G-Rg3 ve B(a)P ile tedavi edilen hEL hücrelerinde hücre canlılığı ve BPDE-DNA eklenti oluşumu.(A) B(a)P ile tedavi edilen hEL hücrelerinin canlılığı.(B) G-Rg3r ile tedavi edilen hEL hücrelerinin canlılığı.(C) G-Rg3 ile tedavi edilen hEL hücrelerinin canlılığı.(D) B(a)P ve G-Rg3r ile tedavi edilen hEL hücrelerinin canlılığı.(E) B(a)P ve G-Rg3 ile tedavi edilen hEL hücrelerinin canlılığı.(F) B(a)P ve G-Rg3 ile tedavi edilen hEL hücrelerindeki BPDE-DNA eklentisinin seviyeleri.Veriler, üçlü belirlemelerin ortalama ± standart sapması olarak ifade edilir.*P <0,05, **P <0,01, ***P <0,001.

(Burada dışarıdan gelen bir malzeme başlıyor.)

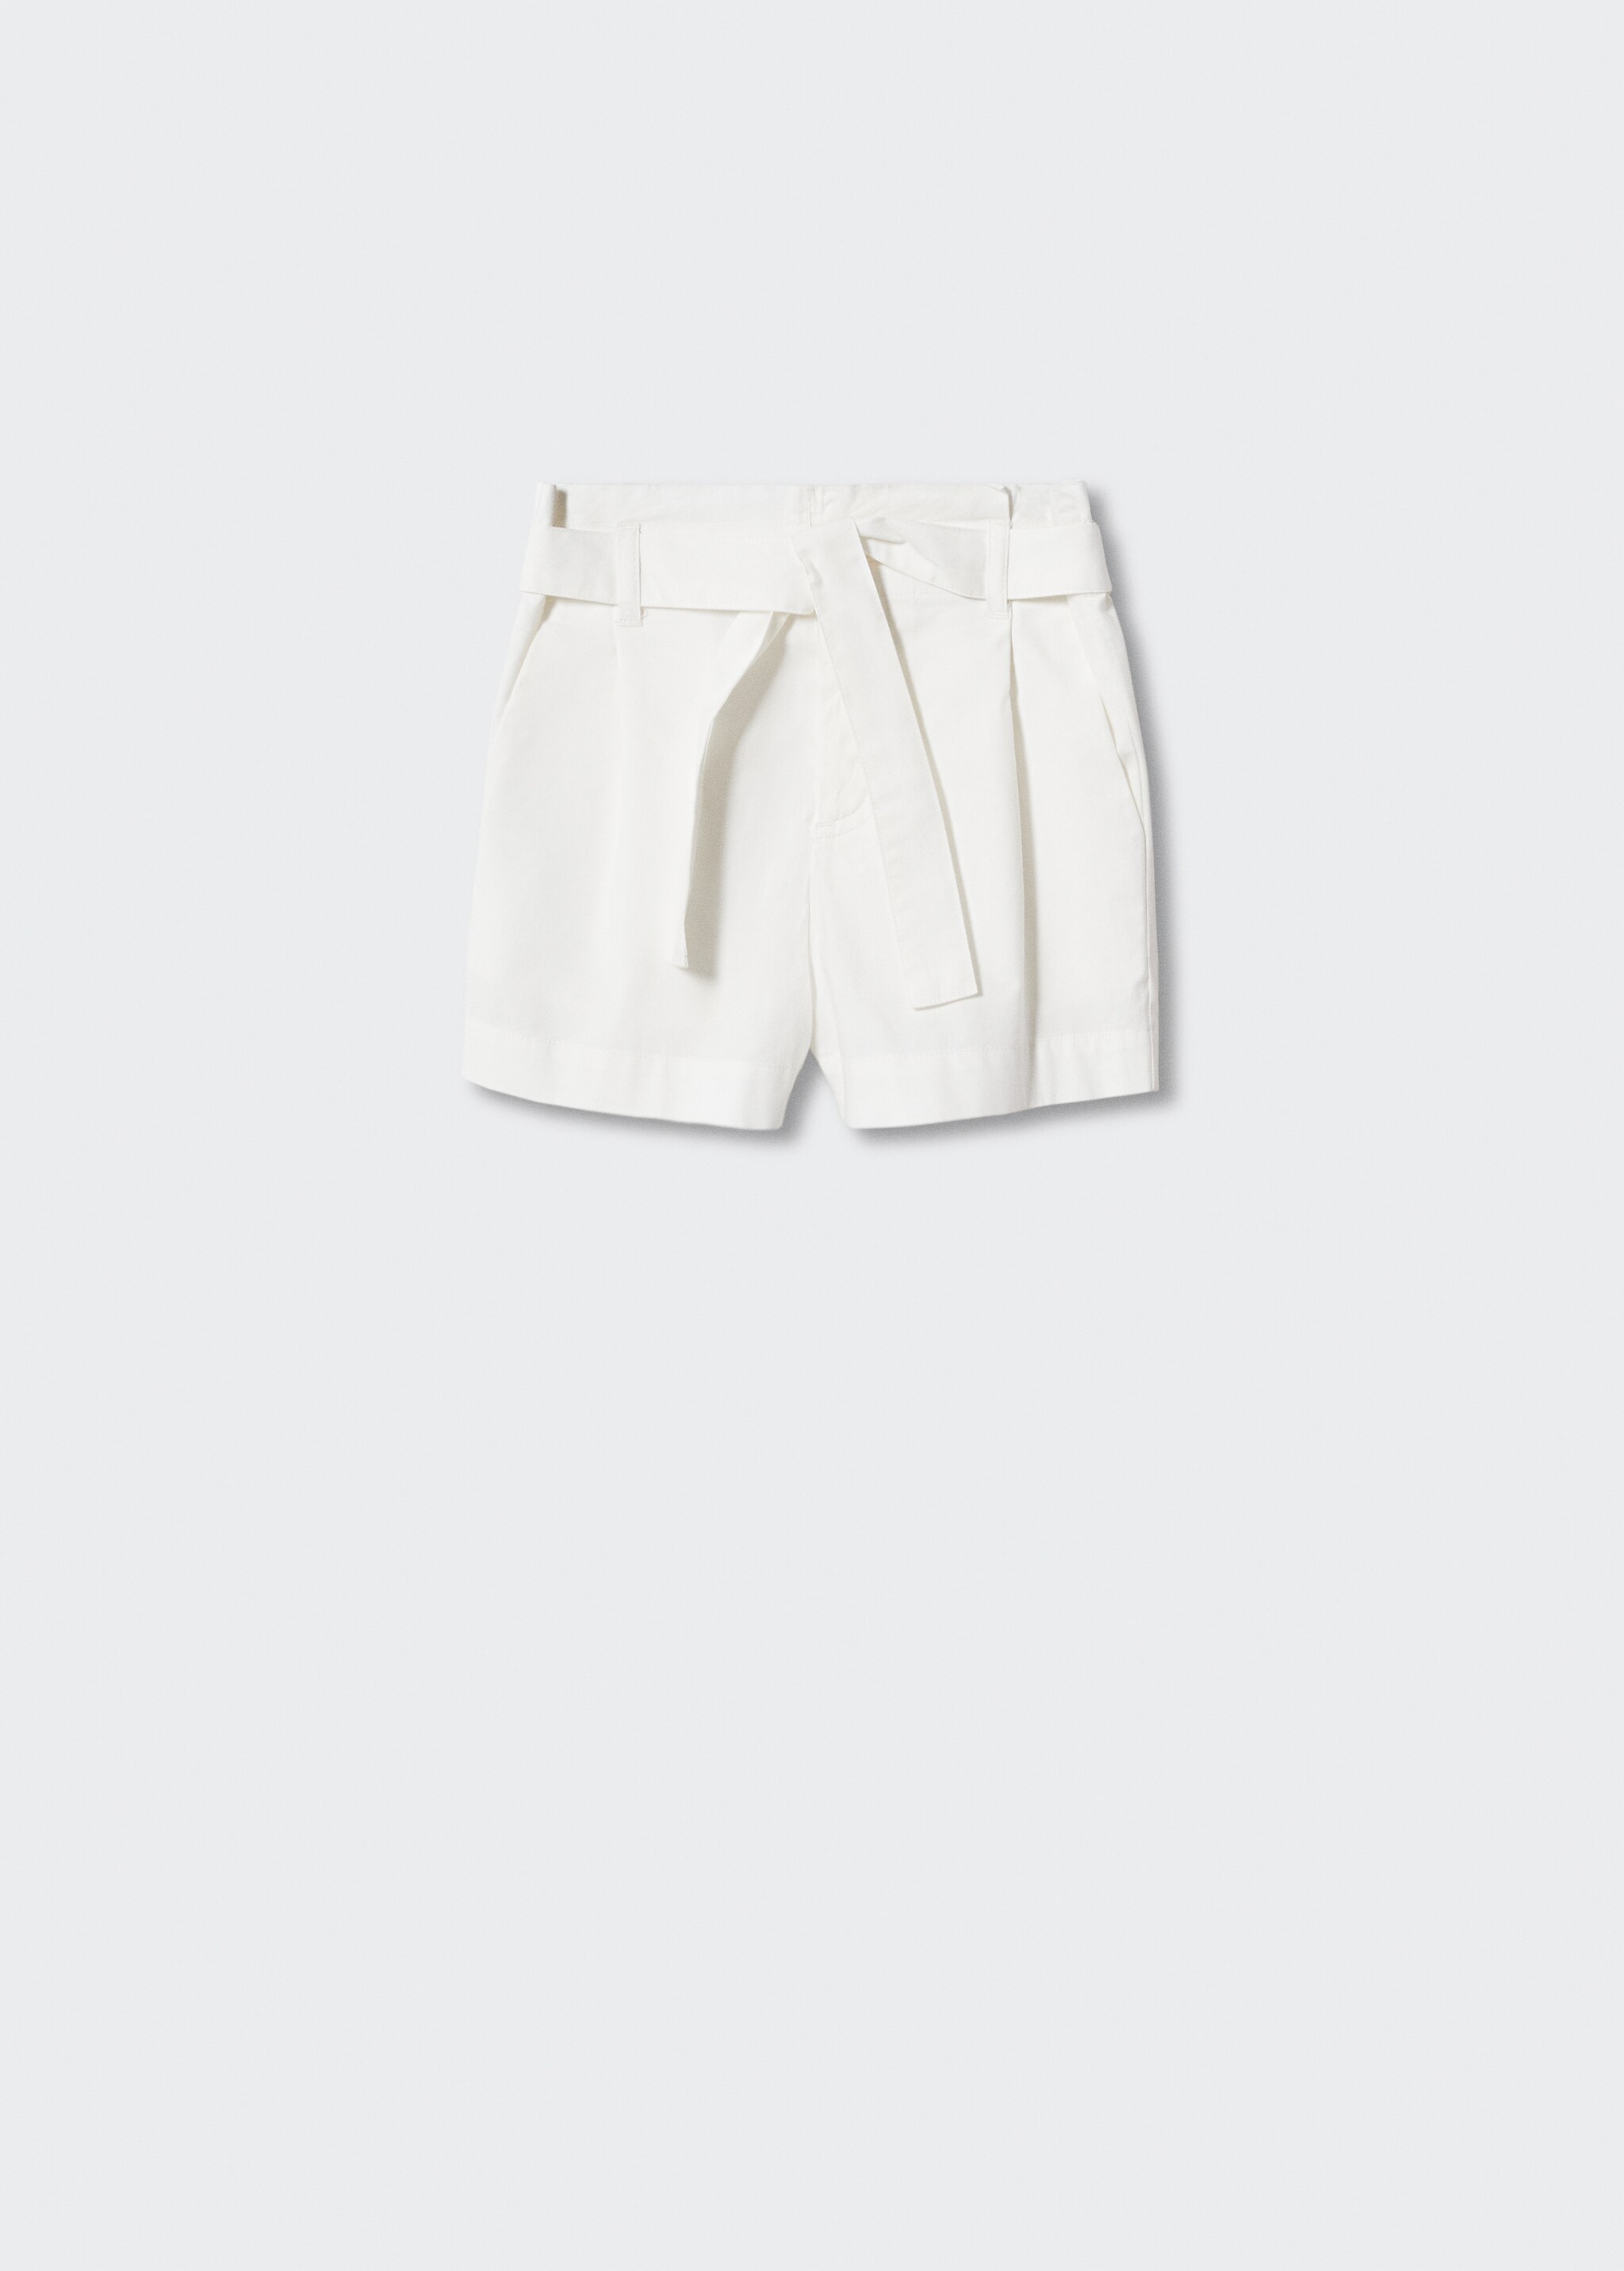 Paper-bag shorts - Artikkel uten modell

GST enzim ekspresyonu, 10 μM B(a)P ve 10 μM G-Rg3r veya G-Rg3s ile birlikte işlemden geçirildikten sonra tespit edildi.Sonuçlarımız B(a)P'nin GST ifadesini baskıladığını (G-Rg3r grubunda %59,7 ± 8,2 ve G-Rg3s grubunda %39 ± 4,5) ve B(a)P'nin G-Rg3r ile ilişkili olduğunu gösterdi. veya G-Rg3r ile veya G-Rg3r ile.G-Rg3'lerle birlikte tedavi, GST ifadesini geri yükledi.GST ifadesi (G-Rg3r grubunda %103,7 ± 15,5 ve G-Rg3s grubunda %110 ± 11,1, sırasıyla p < 0,05 ve p < 0,001, Şekil 6A, B ve C).GST aktivitesi, bir aktivite tahlil kiti kullanılarak değerlendirildi.Sonuçlarımız kombinasyon tedavisi grubunun yalnızca B(a)P grubuna kıyasla daha yüksek GST aktivitesine sahip olduğunu gösterdi (G-Rg3r grubunda %96,3 ± 6,6'ya karşı %35,7 ± %7,8'e karşılık G-Rg3r grubunda 92,3 ± 6,5) ).G-Rg3s grubunda %'ye karşılık %35,7 ± %7,8, p < 0,001, Şekil 6D).
B(a)P ve G-Rg3 ile tedavi edilen hEL hücrelerinde GST ve Nrf2'nin ifadesi.(A) GST ifadesinin Western blotlama yoluyla tespiti.(B) B(a)P ve G-Rg3r ile tedavi edilen hEL hücrelerinde GST'nin kantitatif ifadesi.(C) B(a)P ve G-Rg3'lerle tedavi edilen hEL hücrelerinde GST'nin kantitatif ifadesi.(D) B(a)P ve G-Rg3 ile tedavi edilen hEL hücrelerinde GST aktivitesi.(E) Nrf2 ifadesinin Western blotlama yoluyla tespiti.(F) B(a)P ve G-Rg3r ile tedavi edilen hEL hücrelerinde Nrf2'nin kantitatif ifadesi.(G) B(a)P ve G-Rg3'lerle tedavi edilen hEL hücrelerinde Nrf2'nin kantitatif ifadesi.Veriler, üçlü belirlemelerin ortalama ± standart sapması olarak ifade edilir.*P <0,05, **P <0,01, ***P <0,001.
B(a)P kaynaklı tümör oluşumunun G-Rg3 aracılı baskılanmasında rol oynayan yolları açıklamak için Nrf2 ekspresyonu Western blotlama ile değerlendirildi.Şekil 6E,F,G'de gösterildiği gibi kontrol grubuyla karşılaştırıldığında yalnızca B(a)P tedavi grubunda Nrf2 seviyesi azaldı;ancak B(a)P tedavi grubuyla karşılaştırıldığında, PG-Rg3 grubundaki B(a) Nrf2 seviyeleri arttı (G-Rg3r için %106 ± 9,5 ve G-Rg3r için %51,3 ± %6,8, %117 ± 6,2). G-Rg3r'ye karşılık G-Rg3'ler için %41 ± 9,8, p < 0,01).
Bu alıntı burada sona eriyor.